Copy out the listing that follows, exact in every word, and skip the images.

== PROVIDED DATA ==

* * * *

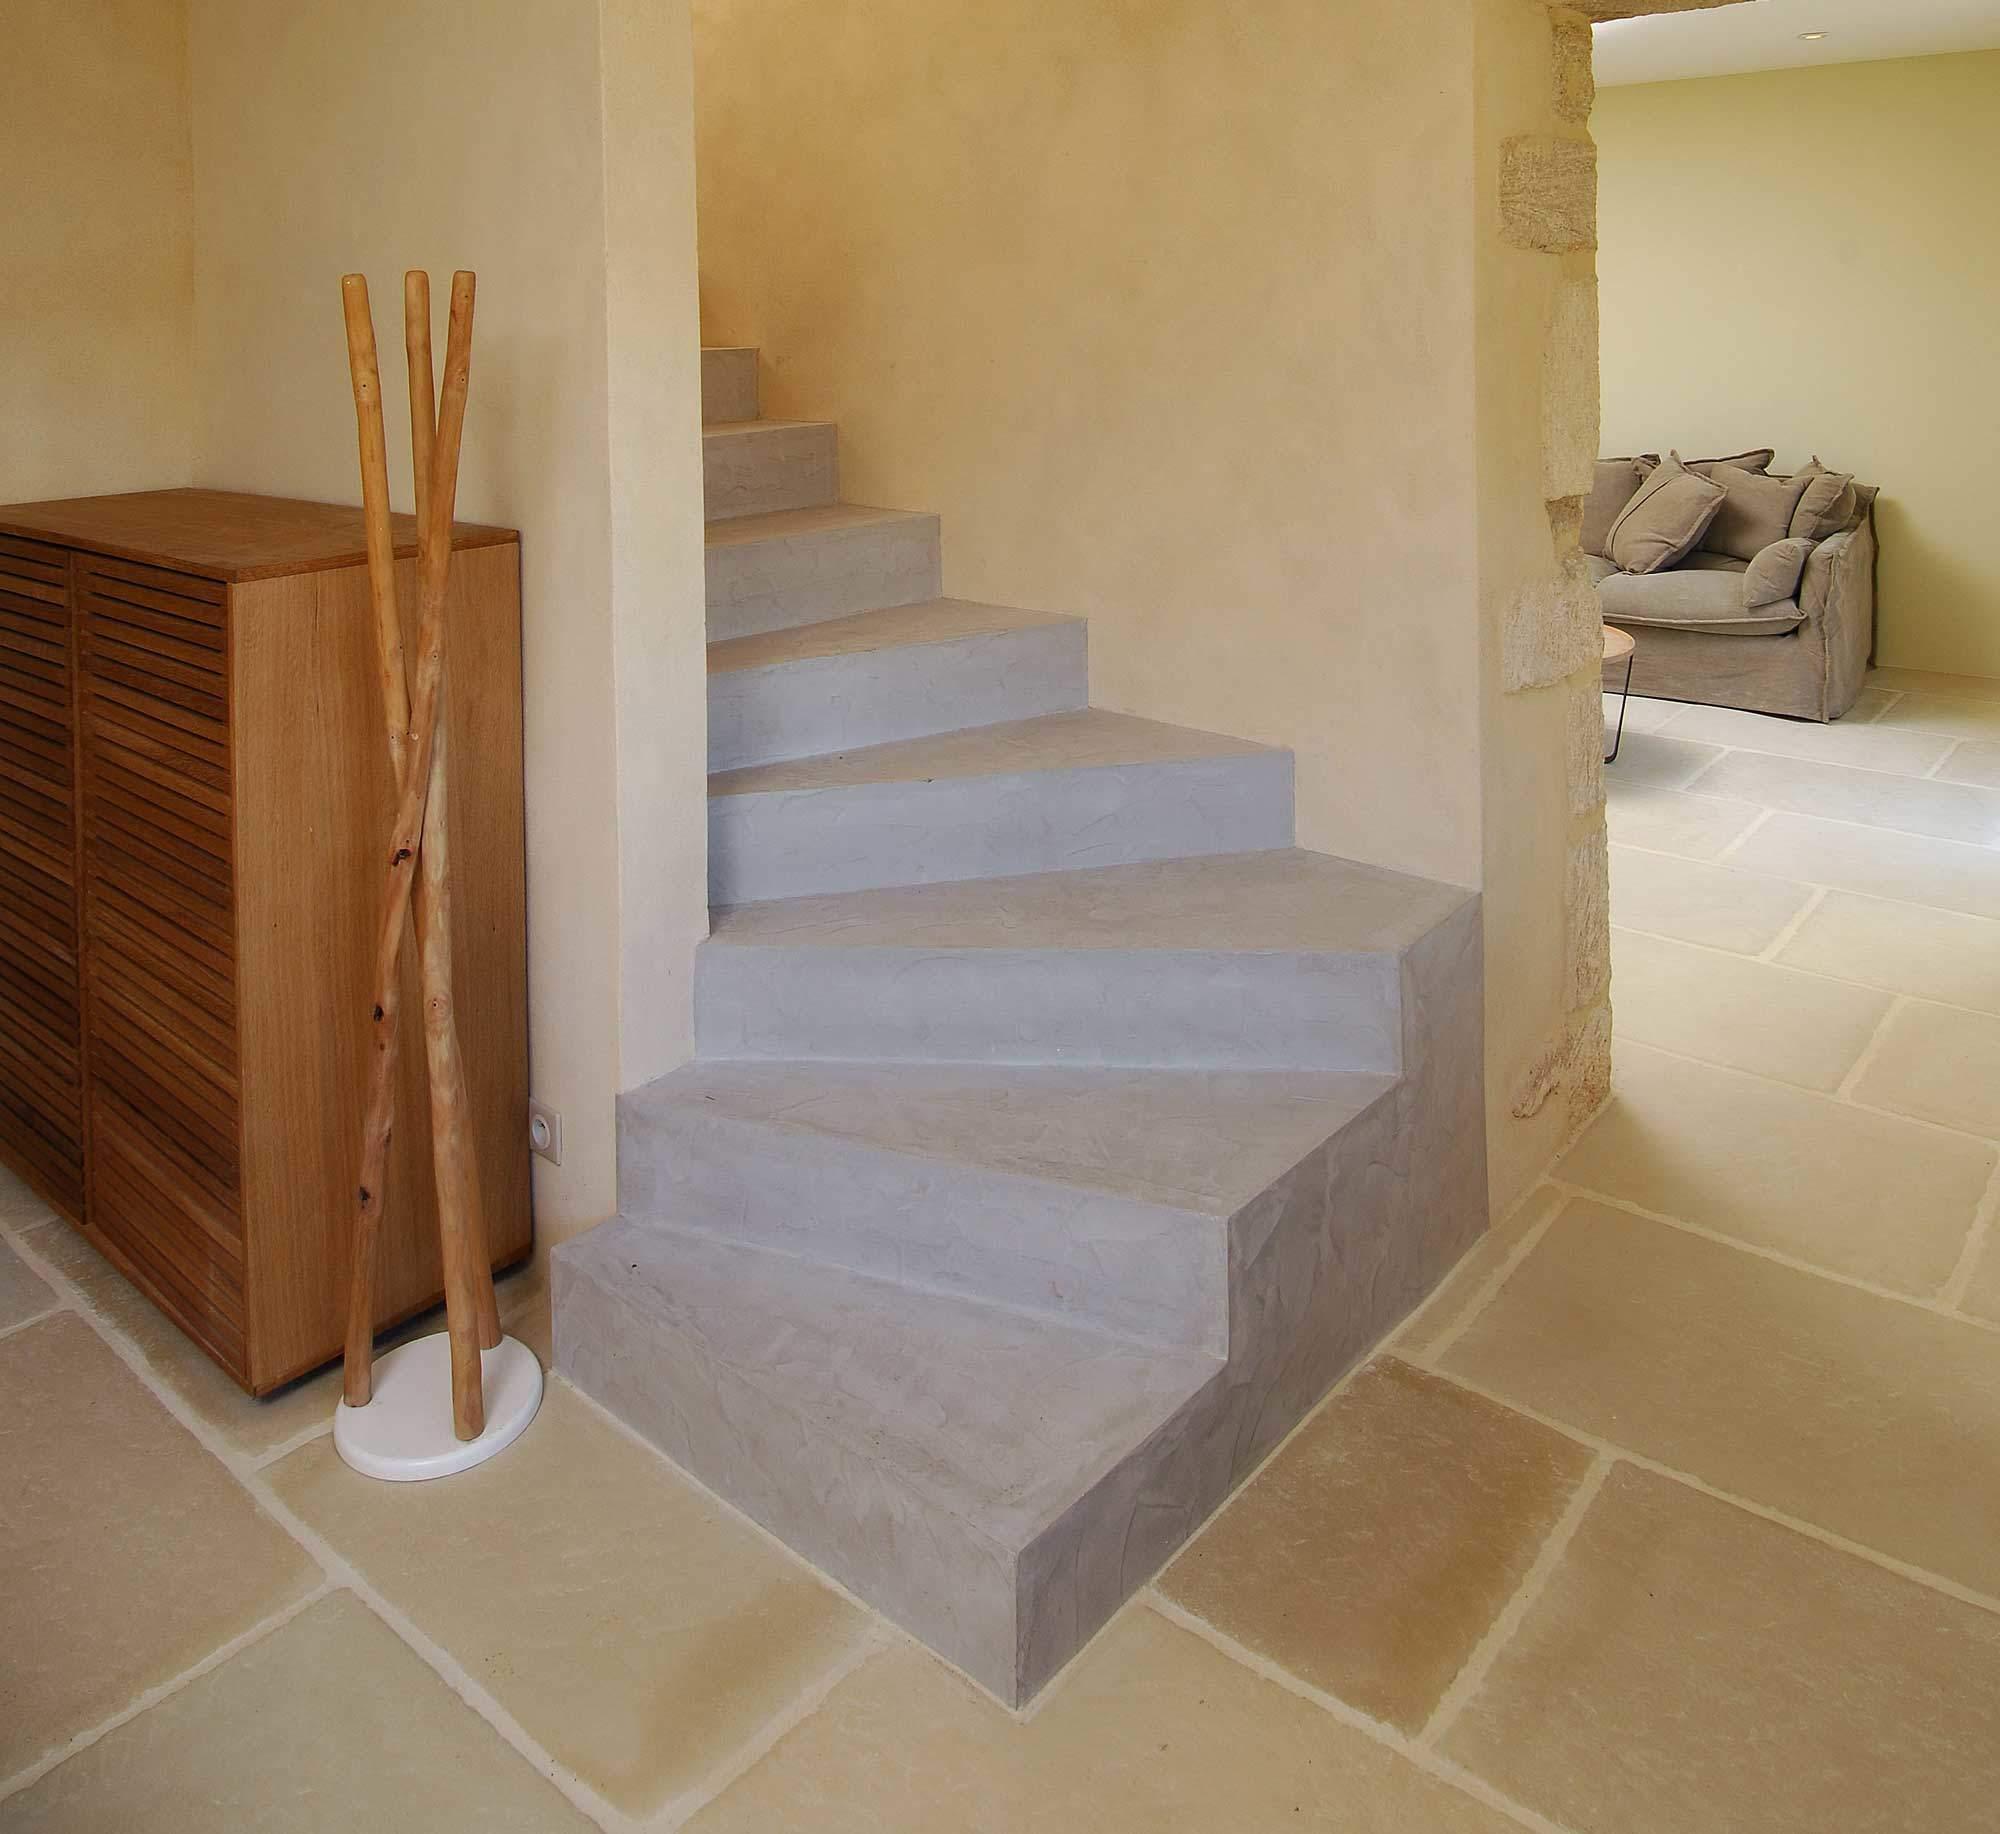 Rev tement escalier fa on b ton cir par rouviere collection for Construction escalier beton interieur
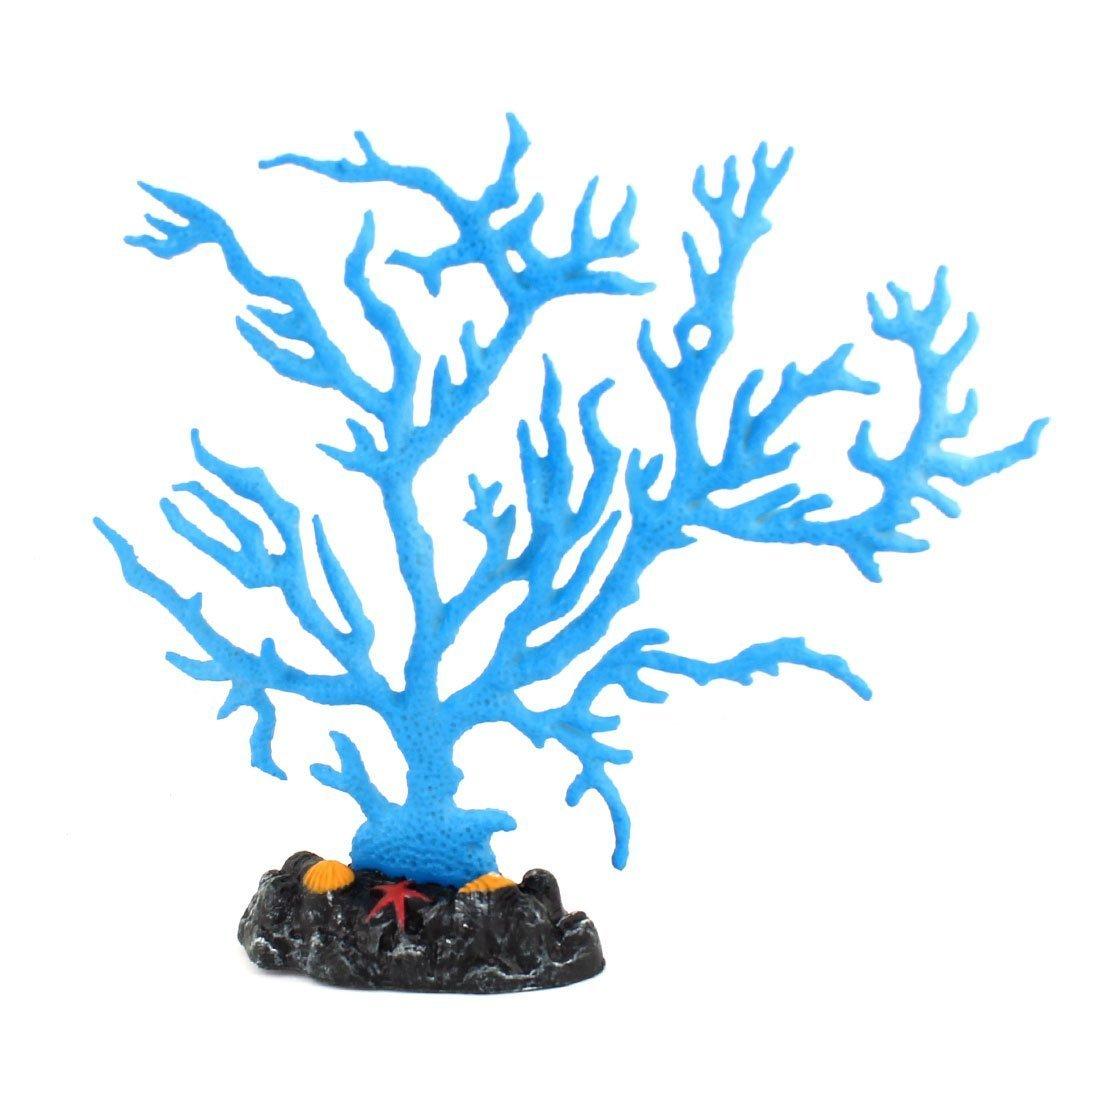 1Pc Aquarium Artificial Glowing Rockery Coral Plant Decoration Dodger bluee
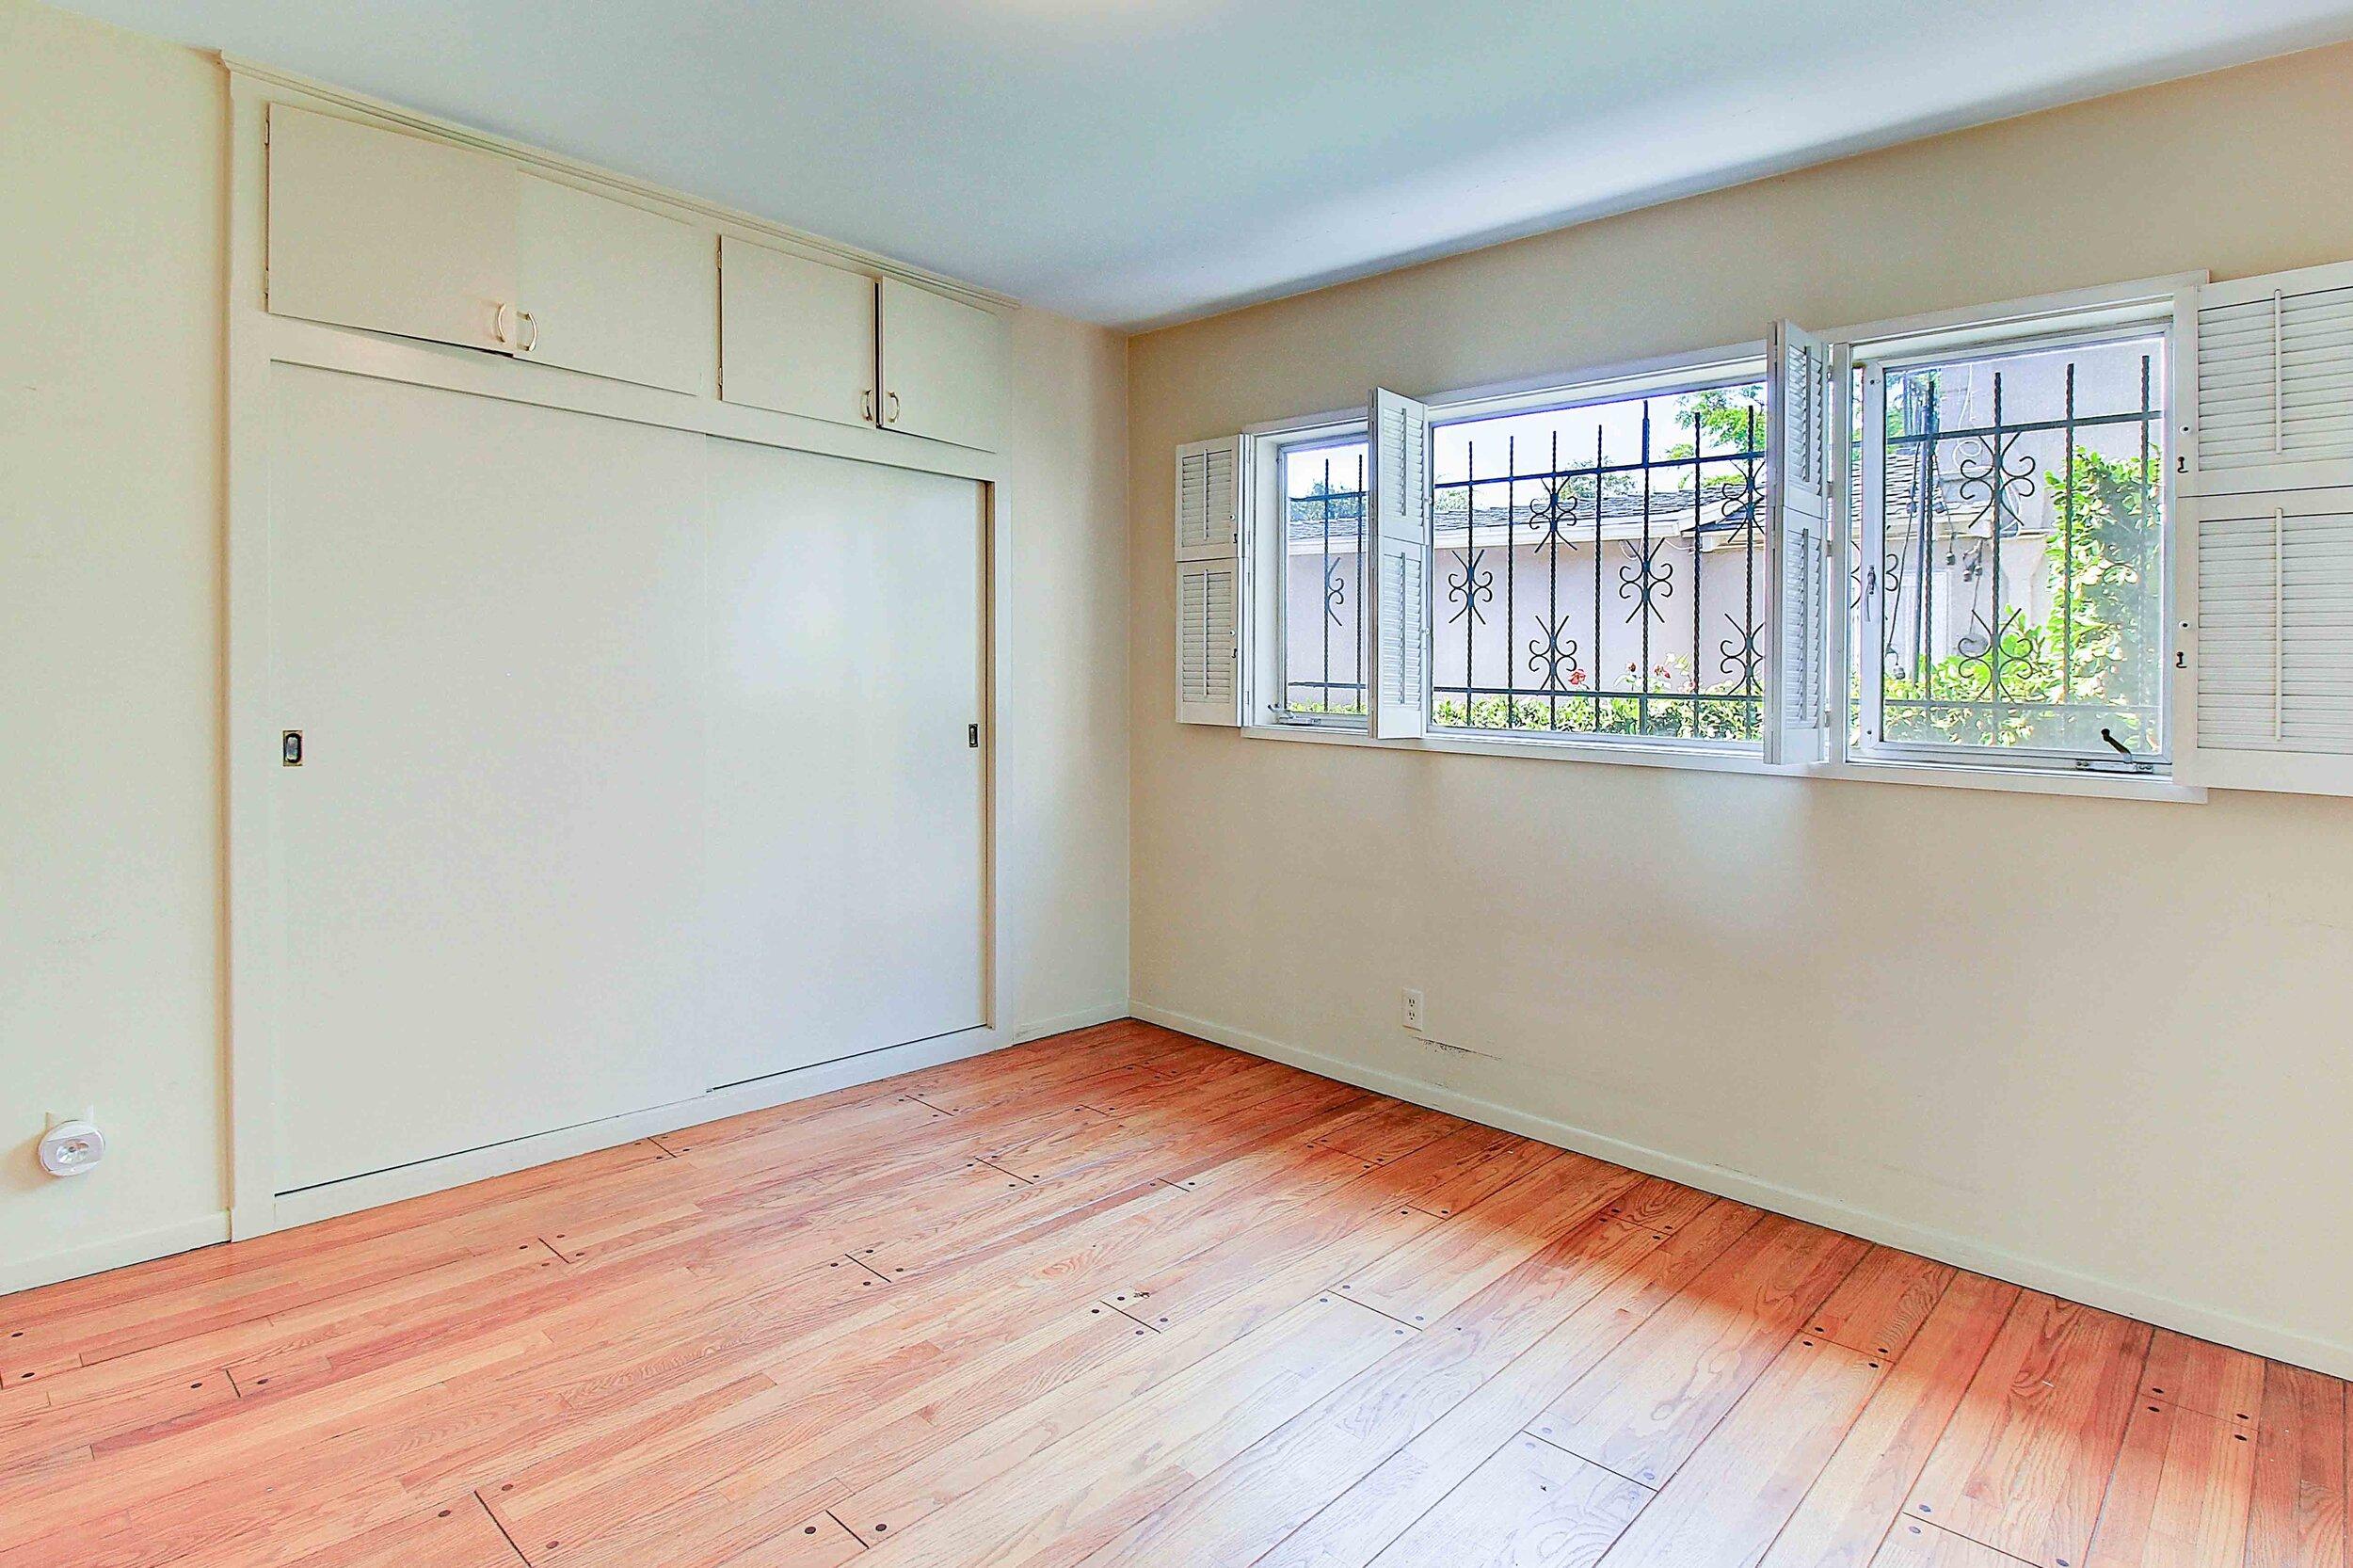 9837 Kincardine Ave -Bedroom 2.jpg

* * * *

== EXERCISE ANSWER ==
 Rev tement escalier fa on b ton cir par rouviere collection for Construction escalier beton interieur
 1Pc Aquarium Artificial Glowing Rockery Coral Plant Decoration Dodger bluee
 9837 Kincardine Ave -Bedroom 2.jpg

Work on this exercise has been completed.